Sages Severus-Biographie bietet eine solide und durch ihre gut eingeflochtenen Exkurse informative Darstellung, die den durch den Titel geweckten Erwartungshorizont durchaus erfüllt. [7] Allerdings hätte eine gründliche Durchsicht vor dem Erscheinen die nicht wenigen Druck- und Sachfehler vermeiden können. [8] Eine die zahlreichen jüngeren Arbeiten zur Repräsentation der kaiserlichen Familie, dem höfischen Leben und der Rolle des Militärs einbeziehende Abhandlung zu Septimius Severus bleibt daher weiterhin ein Desiderat.


Anmerkungen:

[1] Anthony R. Birley: Septimius Severus. The African Emperor, rev. Aufl. London / New York 1999; in der allgemeinen Literaturliste fehlt Jörg Spielvogel: Septimius Severus, Darmstadt 2006.

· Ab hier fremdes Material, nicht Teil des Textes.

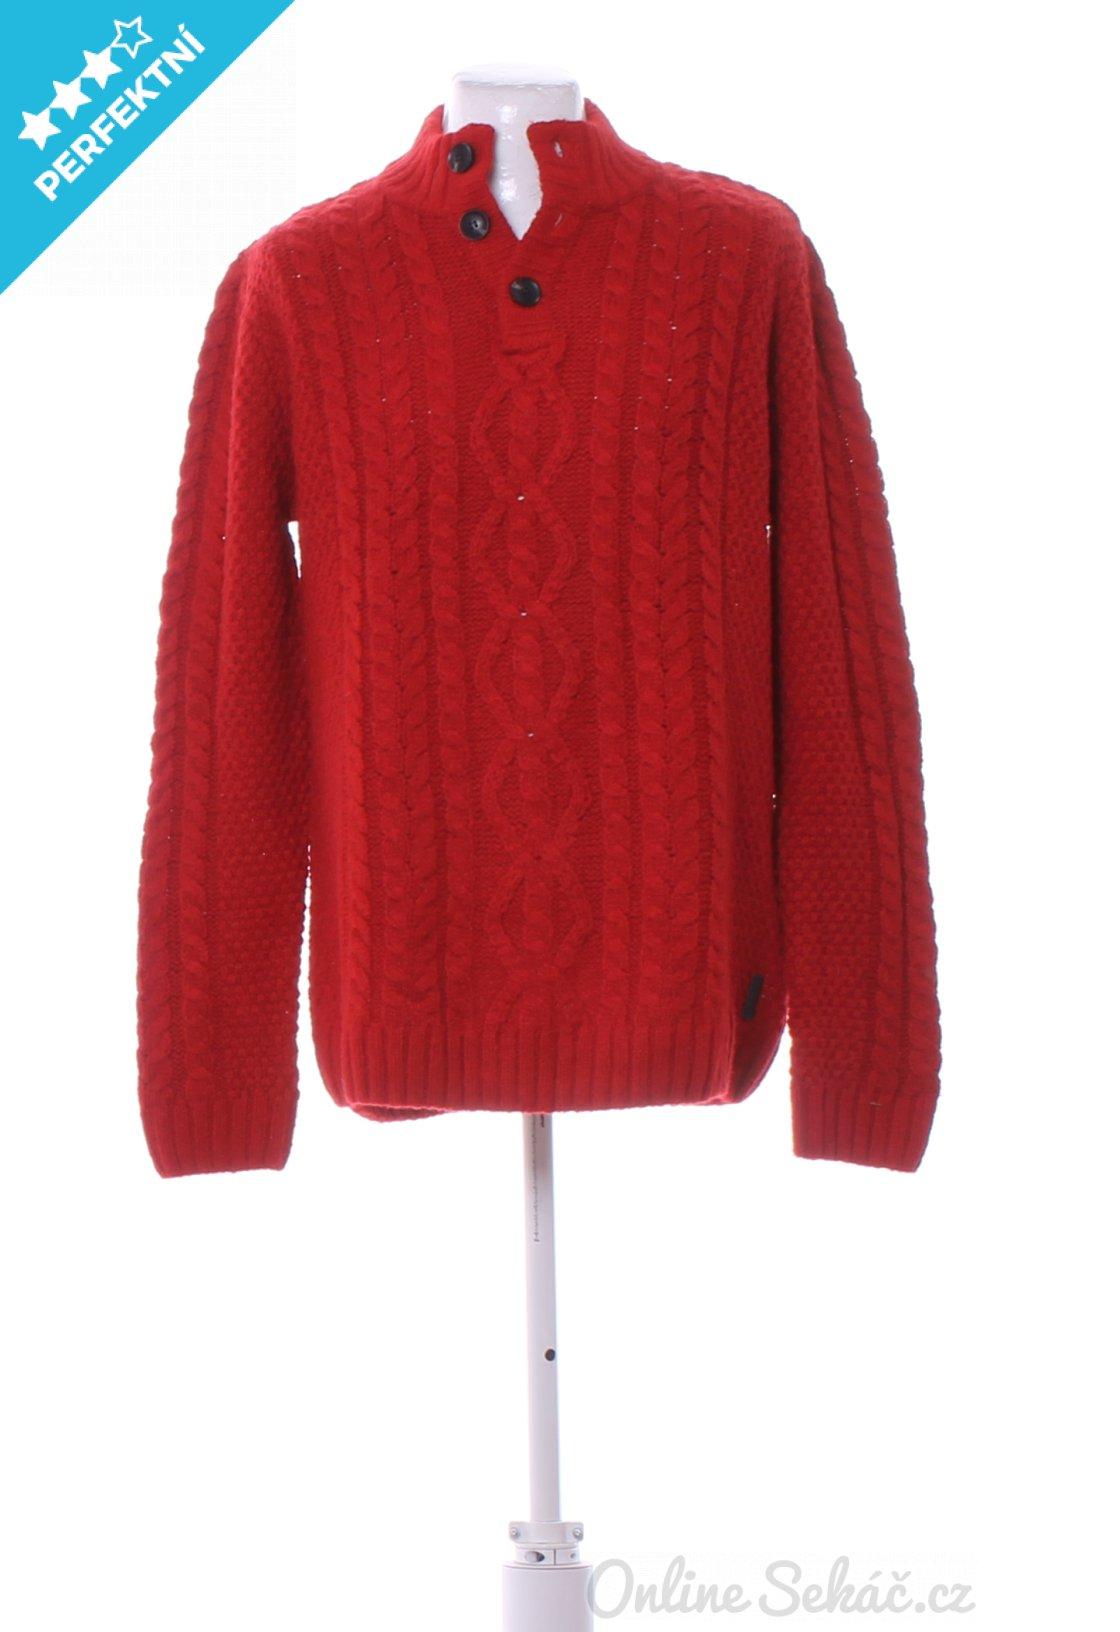 Second hand - Vzor  JEDNOBAREVNÝ   Pánský zimní svetr BRICE XL ... 55c9da409ab

[2] Auf Seite 167 ist der Inhalt der Anm. 2 und 4 vertauscht.

[3] "He also accepted the title of Caesar for his son" (38) missversteht HA P 6,9, da der Senat ihn zum Caesar ernannte, Pertinax dies aber zurückwies; bezeugt ist der Titel allerdings auf einigen Inschriften.

[4] Die Unternehmungen des Vallius Maximianus in der Baetica und Mauretania Tingitana gehören nicht in die Zeit nach dem Sieg über Clodius Albinus (74), sondern in die letzten Jahre Mark Aurels (vgl. Andreas Gutsfeld: Römische Herrschaft und einheimischer Widerstand in Nordafrika. Militärische Auseinandersetzungen Roms mit den Nomaden, Stuttgart 1989, 116f.).

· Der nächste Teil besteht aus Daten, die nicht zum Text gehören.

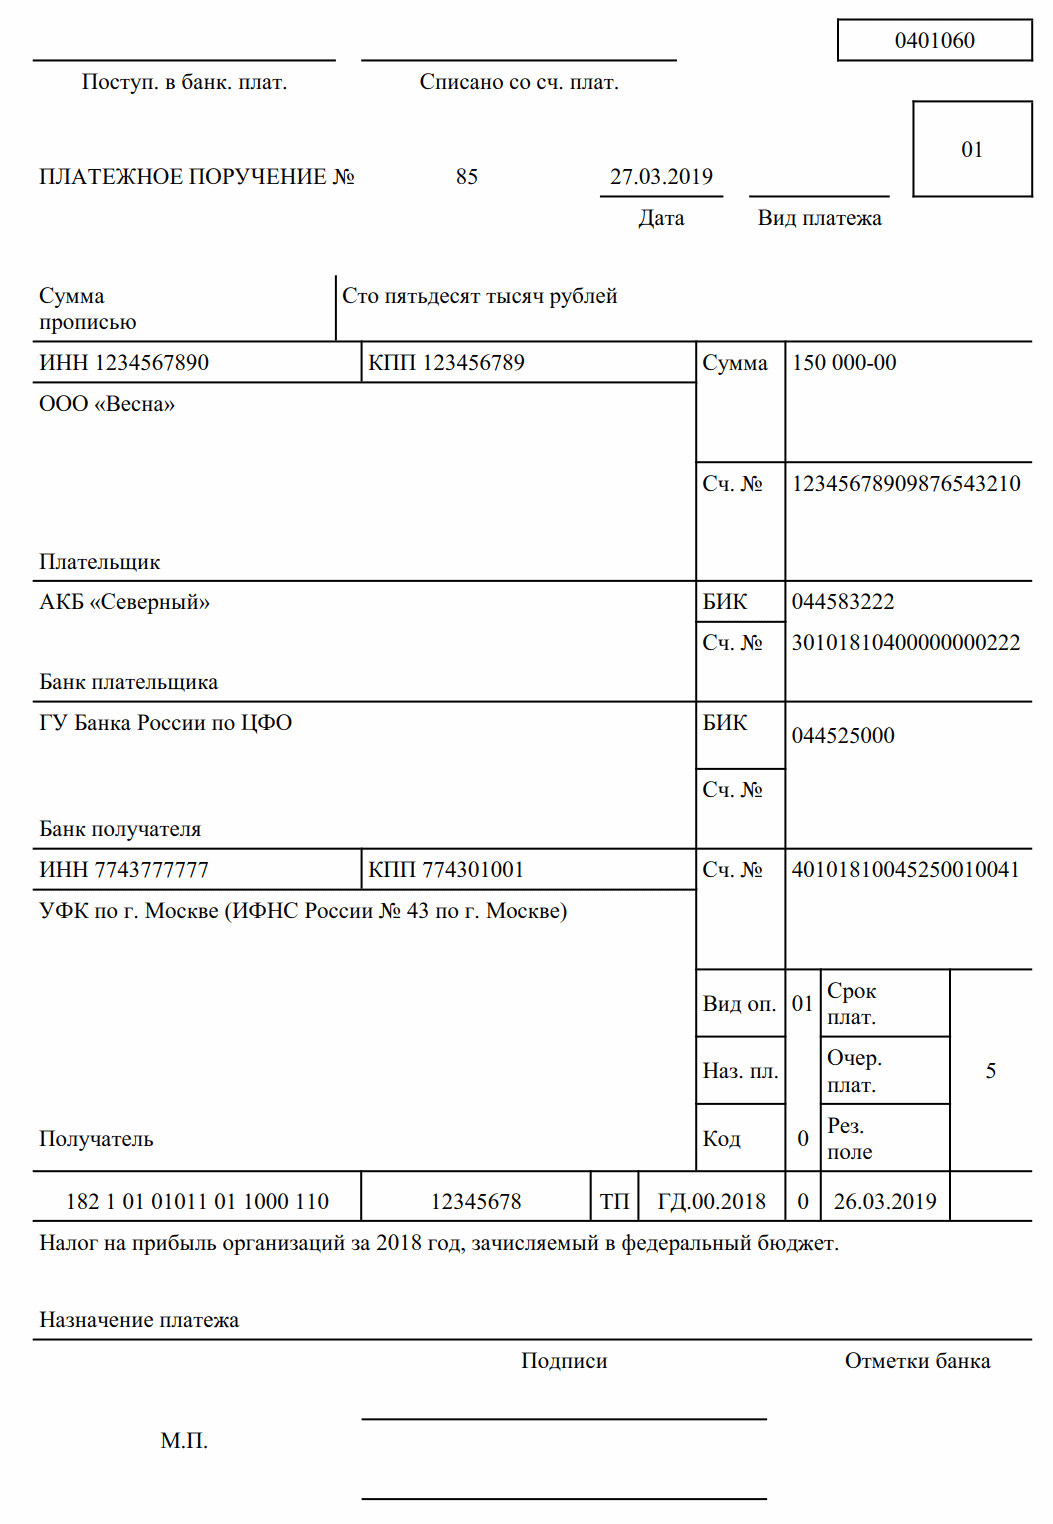 Доклад на тему налог на прибыль организации

[5] Hier hätten die Untersuchungen von Danuta Okoń berücksichtigt werden sollen (z.B. Danuta Okoń: Septimius Severus et senatores. Septimius Severus' Personal Policy towards Senators in the Light of Prosopographic Research, Stettin 2012).

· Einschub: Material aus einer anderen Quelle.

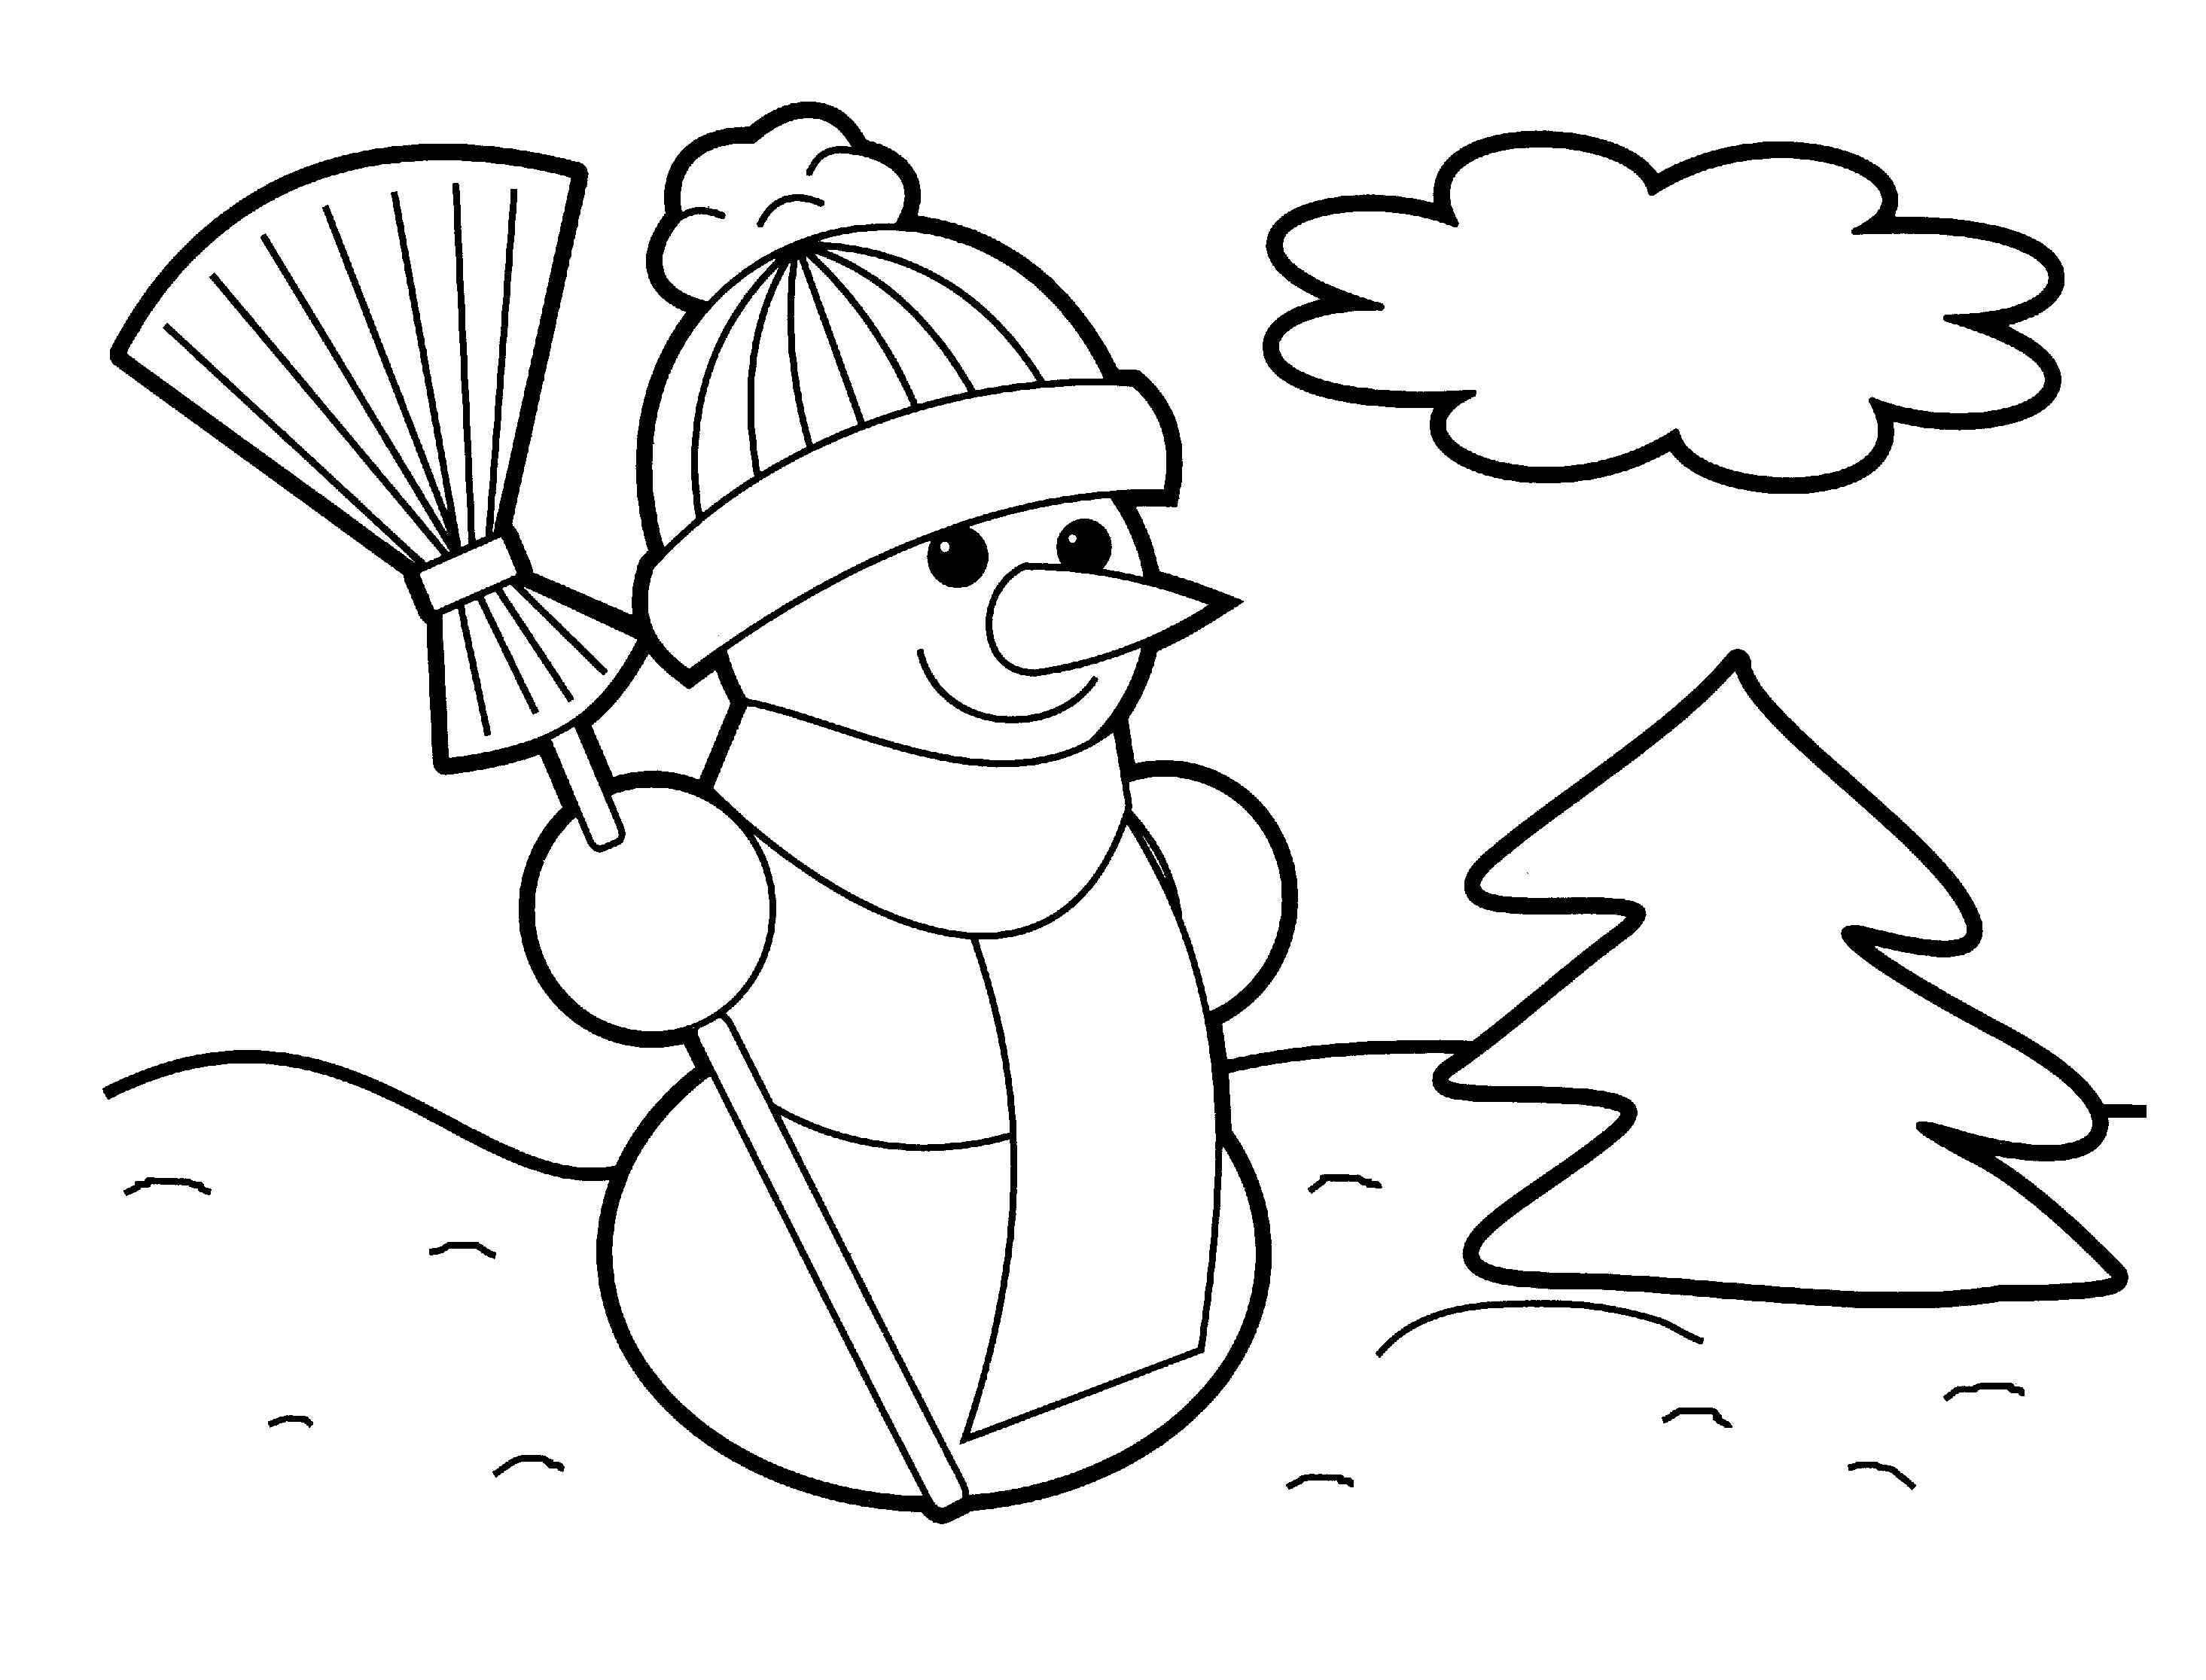 childrens christmas colouring christmas coloring pages 1 coloring kids colouring christmas childrens

[6] Dazu jetzt Jussi Rantala: The Ludi saeculares of Septimius Severus. The Ideologies of a New Roman Empire, London / New York 2017.

[7] Wie schwierig eine adäquate Darstellung - im Vergleich zu Birley - ist, zeigt die Rezension zu Spielvogel (wie Anm. 1) von Ulrich Lambrecht, in: H-Soz-Kult, 18.12.2006 (www.hsozkult.de/publicationreview/id/reb-9157; zuletzt aufgerufen am 12.02.2022), der dessen psychohistorischen Ansatz und Umgang mit den Quellen scharf kritisiert.

[8] Zu nennen wären u. a.: Tiberius Claudius Pompeianus statt Titus Claudius Pompeianus (21), legio VI Victrix statt legio VI Valeria Victrix (24), legio IV Scythica statt legio IV Augusta (29), Helvius Pertinax statt Helvetius Pertinax (33), Hadrumetum statt Hadrumentum (41, 45, 101, Index), "torn to pieces" statt "torn to prices" (47), Valerianus statt Valentinus (60 und 186, Anm. 41), Galsterer statt Glasterer (156), p. 21 statt p. 2 (172, Anm. 2).